Don't like like it's not there because twitch has channels that aren't crowded.
Have you even tried to find a channel with it enabled ? it's freaking easy

You're fundamentally misunderstanding my argument. I'm not arguing whether the feature works or not, I'm arguing about how much it changes gameplay. That claim (of it changing gameplay) is dependent on far too many variable factors to make a concrete case out of it.
 
Except remote play is better with a Vita than with the Wii U gamepad because you can actually be in a different fucking room and it'll still work.

The range is shit. I can remote play my Vita in a different state. I can't remote play my Wii U down the hall.

Yea there is that. Off TV play is nice n all...but I have remote played on my PS3 while at work. And it wasnt as good on PS3 as it is on PS4.

I gotta go with after-the-fact video saves (share button)...which the Wii U doesn't have, of course. Every time something funny happens, I hit that button and save the video. Now I have a hilarious archive of game bugs, funny physics and such.

I've been playing a Steam game the last few days, and it's crazy how much I miss that feature.

Gamepad is meh. The Wii U would be a better system without it.

I dont give the Share button enough credit. When something hilarious happens it is nice to be able to capture it. With social media being such a huge thing now....I dont see how Share features on XBO or PS4 are being dismissed.

Each console gen has innovation. I just dont agree with him in saying that the Gamepad is the only real innovation this gen.
 
It is. Nice attempt of reverse psychology, though; saying the GamePad is great in the title so people adopt a critical attitude while you actually just want to shit on it yourself.

AWat? Either he's completely delusional...or this generation has just really been lackluster on an originality basis and it's a meaninglessness statement. Super Mario Maker undoubtedly looks fantastic--and it really is a great use for the GamePad. But it's not a particulariy imaginative or daring use of it, and it came 3-years into the console's life. His other example is Star Fox Zero, which just made me sigh heavily.
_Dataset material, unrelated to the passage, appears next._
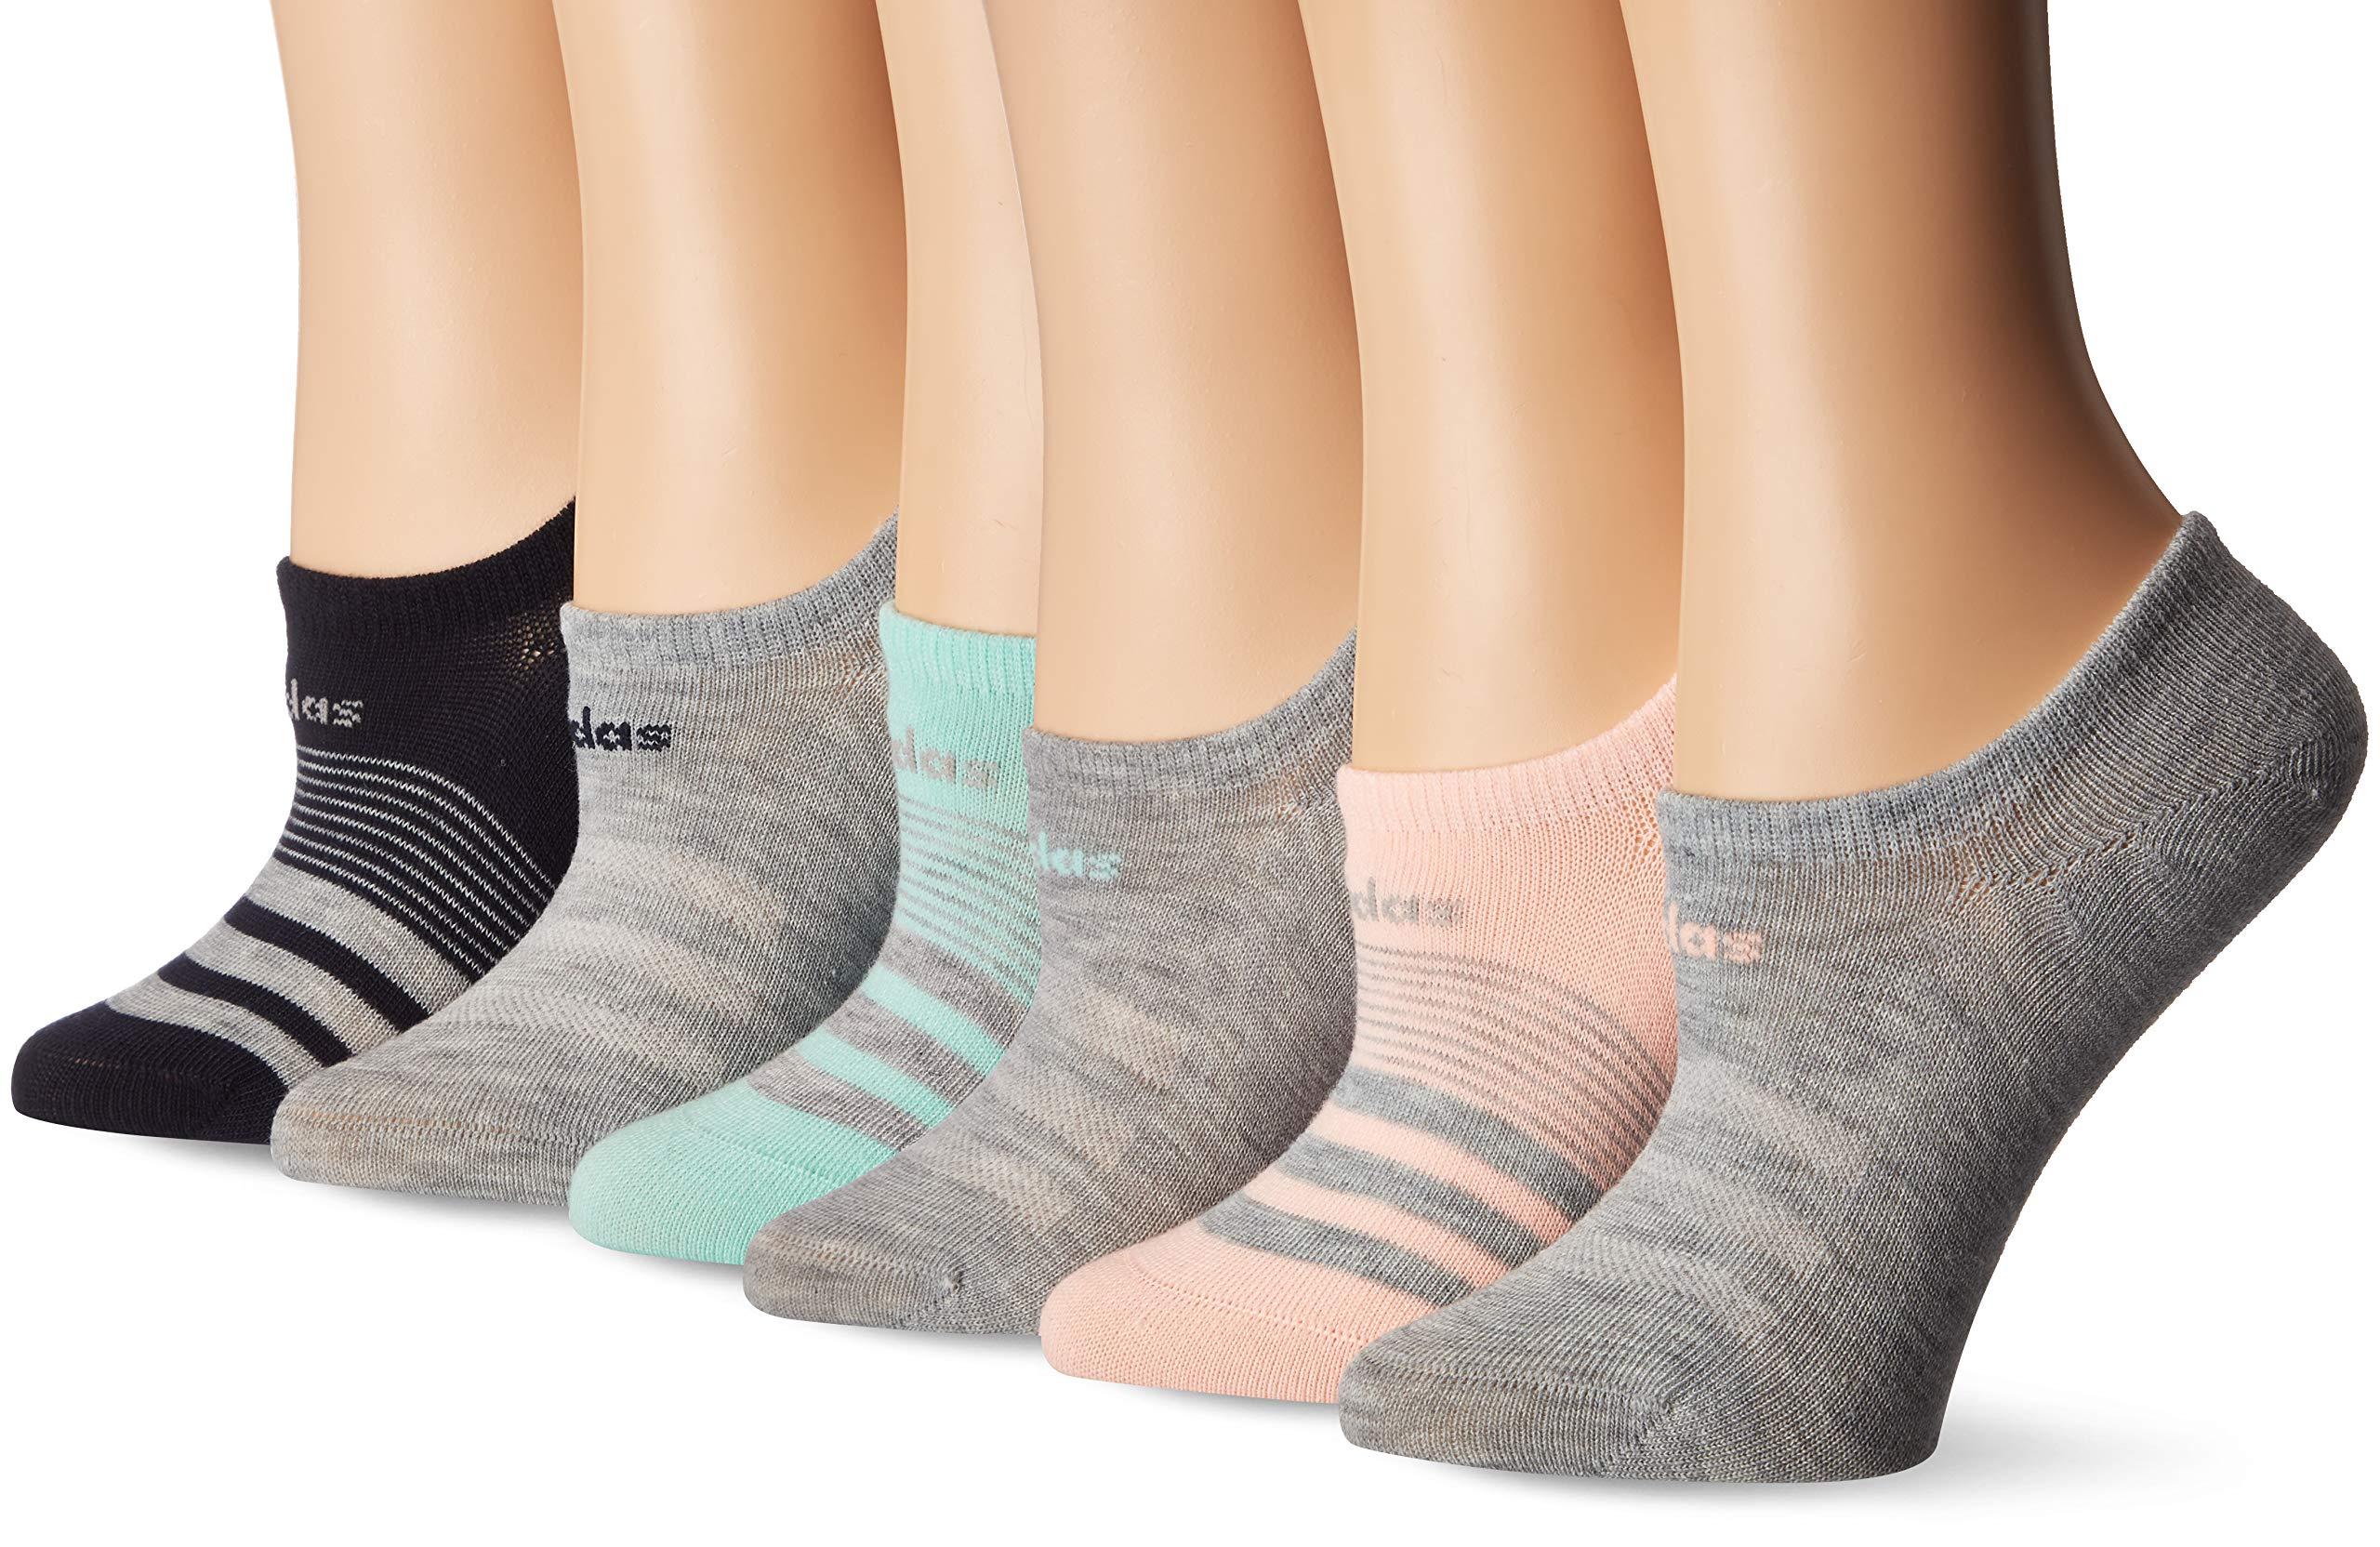 adidas Women's Superlite Super No Show Socks (6-Pack), Clear Orange/Light Heather Grey/Clear Mint/Legend, 5-10

But the GamePad works wonders for Mario Maker? I imagine using the stick for the drag and drop after 20 hours of using the touchscreen would be sickening.

Apparently the GamePad conrols are also vastly superior to stick controls in Splatoon's case, this should also go for Star Fox. People are just biased when it comes to aiming with the GamePad, that it really needs a competitive shooter to finally show people that it's not shit, is characteristic.

The GamePad makes Wind Waker a 30 % better game with simple things like item management and a map without having to pause the game, it would make Witcher 3 a 50 % better game.

Playing on the GamePad while you lay in bed or while your girlfriend is watching her shitty TV show is absolutely golden.

I usually hate this thing (uncomfortable, dumb shoulder button positions, cheap screen, forced when it shouldn't be, terrible battery) but even I see that the concept behind it is simply amazing..
 
Get em, Scott Moffitt. Fuck vr, fuck hololens, fuck the share button, fuck kinect2. It's all about duct taping a tablet to a controller.

Woah there nelly. Lets not get ahead of ourselves. Taping a large resistive DS-type screen to a controller. A fully functioning independent tablet slotting into another control mechanism is space-age stuff surely!
 
Woah there nelly. Lets not get ahead of ourselves. Taping a large resistive DS-type screen to a controller. A fully functioning independent tablet slotting into another control mechanism is space-age stuff surely!

Surely because you can stuff pointless huds on it or even use it to manage inventory, so innovative!
 
Remote play on VIta ( PS4 to vita ) destroy the Wii U in term of distance and lag.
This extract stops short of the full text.